No início, amadoristicamente, os selos eram arrancados de qualquer envelope que eu encontrasse pela frente, e o escambo se dava na base se um para um. Depois, fui descobrindo que havia técnicas para desprendê-los dos envelopes (de preferência usando vapor, no bico da chaleira, ou água morna, num prato). Aprendi que deviam ter goma e picotes intactos. Que beleza e tamanho não eram documento: havia selos lindos (e enormes!) de Manama (sim, esse lugar existe) e um quilo deles não era páreo para um único — minúsculo, feioso — “olho de boi”. Como os seres humanos, selos pertenciam a castas (novos ou usados, ordinários ou comemorativos) — e enquanto uns eram peças raras, outros não valiam nada.
Trocava cartões postais. Quem é do século passado há de se lembrar deles: retângulos de papelão, com uma imagem kitsch estampada numa das faces, e, na outra, espaço para o endereço do destinatário e alguma platitude do tipo “Estive aqui e me lembrei de você. Beijos na tia Cotinha”. Eram comprados em banca de revista, recebiam um selo no canto superior direito e (pasme!) o correio entregava à pessoa antes que a gente tivesse tempo de tirar outras férias.
Os cartões postais deram origem a uma das frases mais odiadas pelos fotógrafos (“Nossa, que foto linda! Parece um cartão postal! ”).
E havia também quem escrevesse a desconhecidos apenas para trocar ideias — isso no tempo em que ideia ainda tinha acento.
Aos aficionados dessa estranha modalidade de permuta, era reservado um cantinho nos jornais e revistas. Tive meu endereço publicado na Tio Patinhas, no Clarín (de Buenos Aires), no Listín Diário (de Santo Domingo, na República Dominicana) e num jornal da África do Sul — o que me valeu centenas de penpals infanto-juvenis (mais infanto que juvenis), e de todas as províncias argentinas, inúmeras cidades dominicanas e de lugares que nem existem mais, como a Rodésia (hoje mais conhecida como Zimbábue) e a Suazilândia (hoje ainda mais desconhecida como Essuatini).
A troca de ideias era diferente da troca de selos e cartões postais, porque não tinha regras claras. A única coisa em comum era eu ficar sempre no prejuízo. Mandava selos comemorativos, recebia ordinários. Mandava cartões de mulheres de biquíni em Copacabana, recebia de lobos marinhos em Mar del Plata. Mandava ideias de como salvar o planeta (menos fábricas, mais feriados, adoção do esperanto como língua universal) e recebia, em contrapartida, informações sobre o preço da Coca Cola em Salisbury , um pedido de namoro à distância (e bota distância nisso!) ou a versão de uma música do José Augusto em castelhano.

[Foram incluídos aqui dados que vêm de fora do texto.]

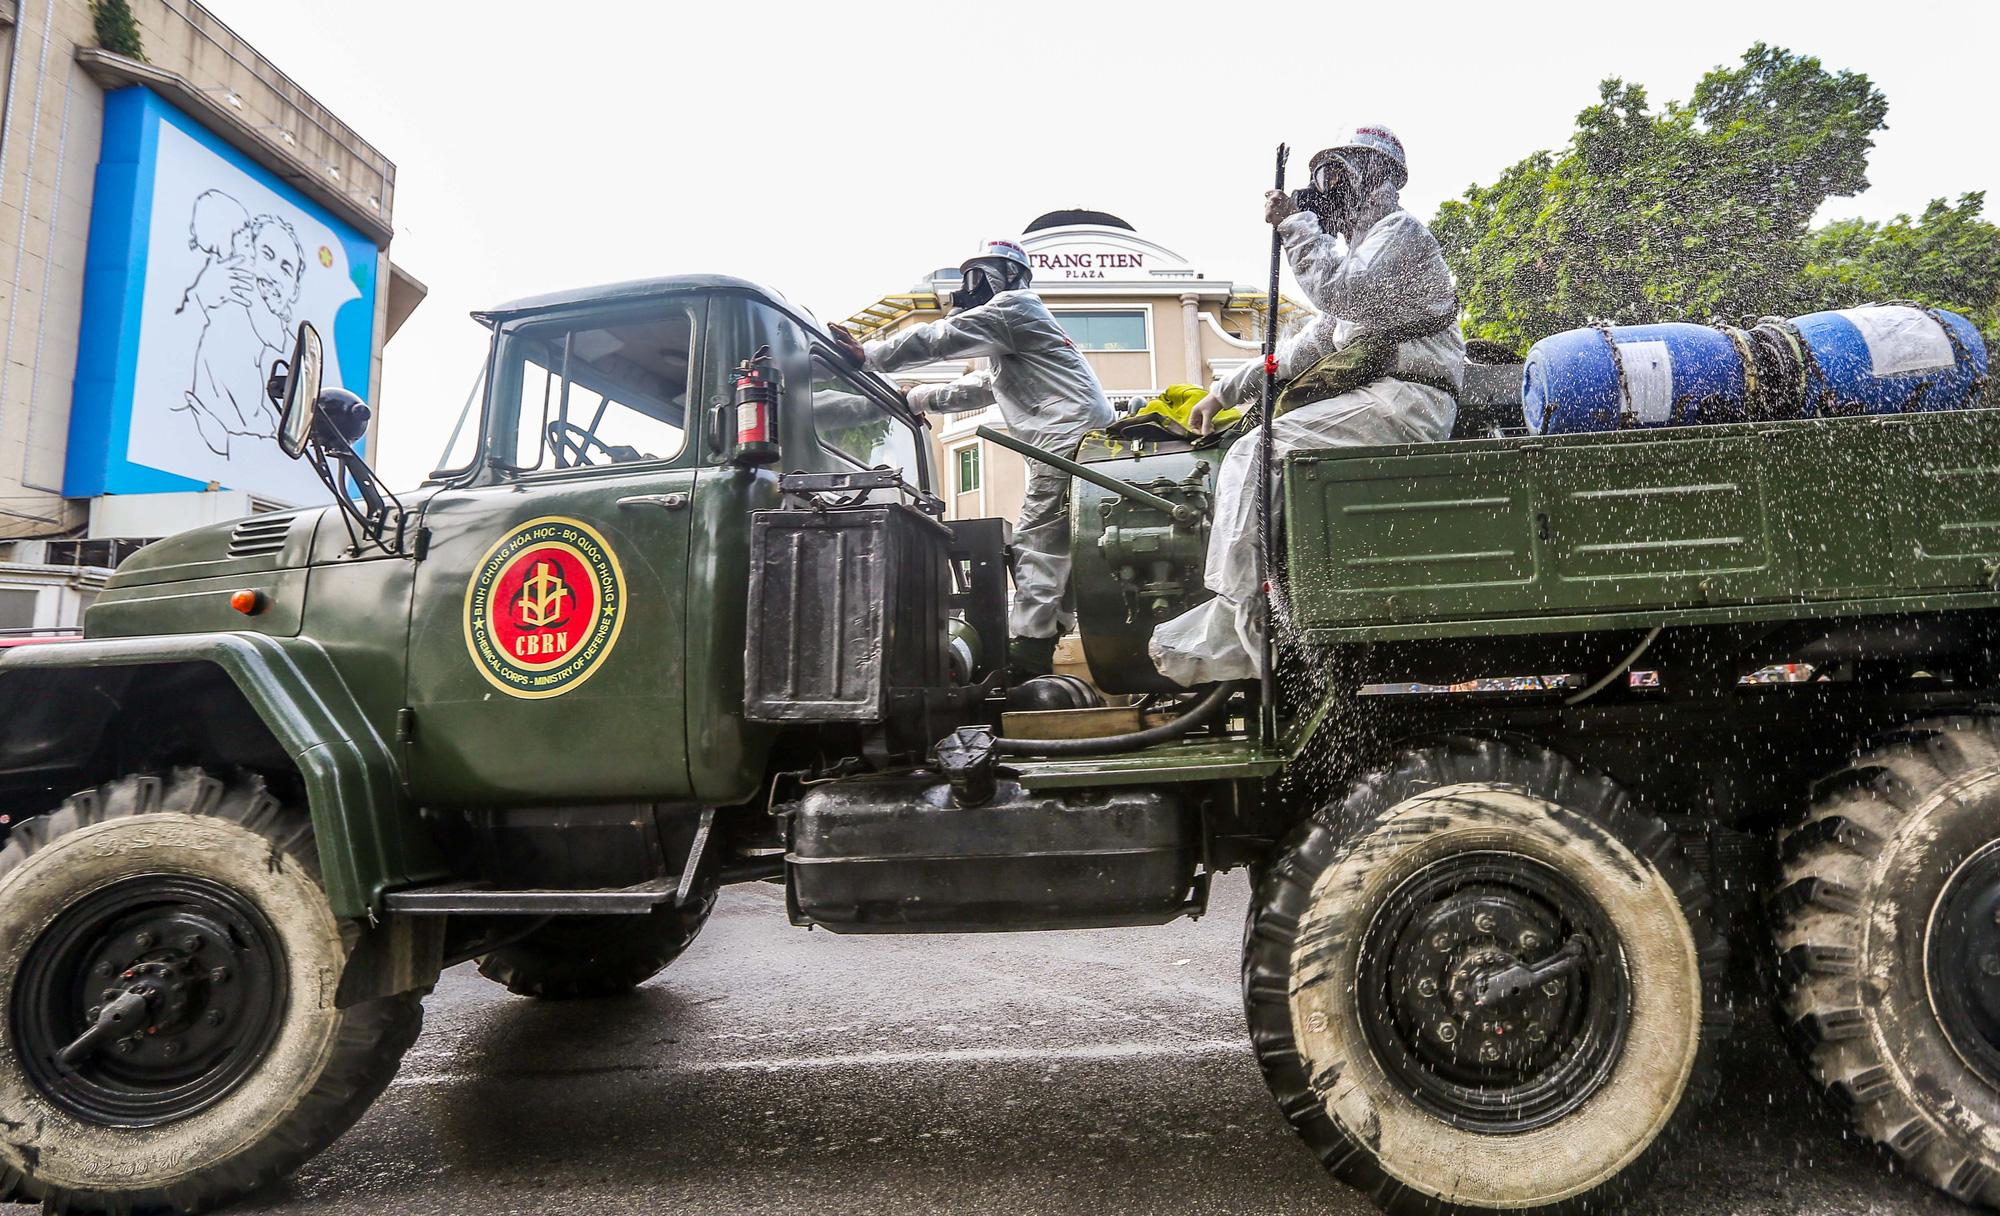 15 xe đặc chủng ra quân phun khử khuẩn ở thành phố Hà Nội - Ảnh 12.

Ainda guardo — não me pergunte por que ou para quê — centenas de cartões postais e milhares de selos, tão inúteis quanto meus desejos pubescentes de mudar o mundo. Mas não perdi o gosto pela troca de ideias. Tenho várias:
– É impossível ficar desnorteado no Polo Sul;
– Só há uma coisa pior do que todo mundo ficar reparando que você colocou botox: é você colocar e ninguém notar;
– Poligamia é quando um homem tem várias mulheres. Monogamia também;
– A esterilidade não é hereditária.
Alguém se habilita?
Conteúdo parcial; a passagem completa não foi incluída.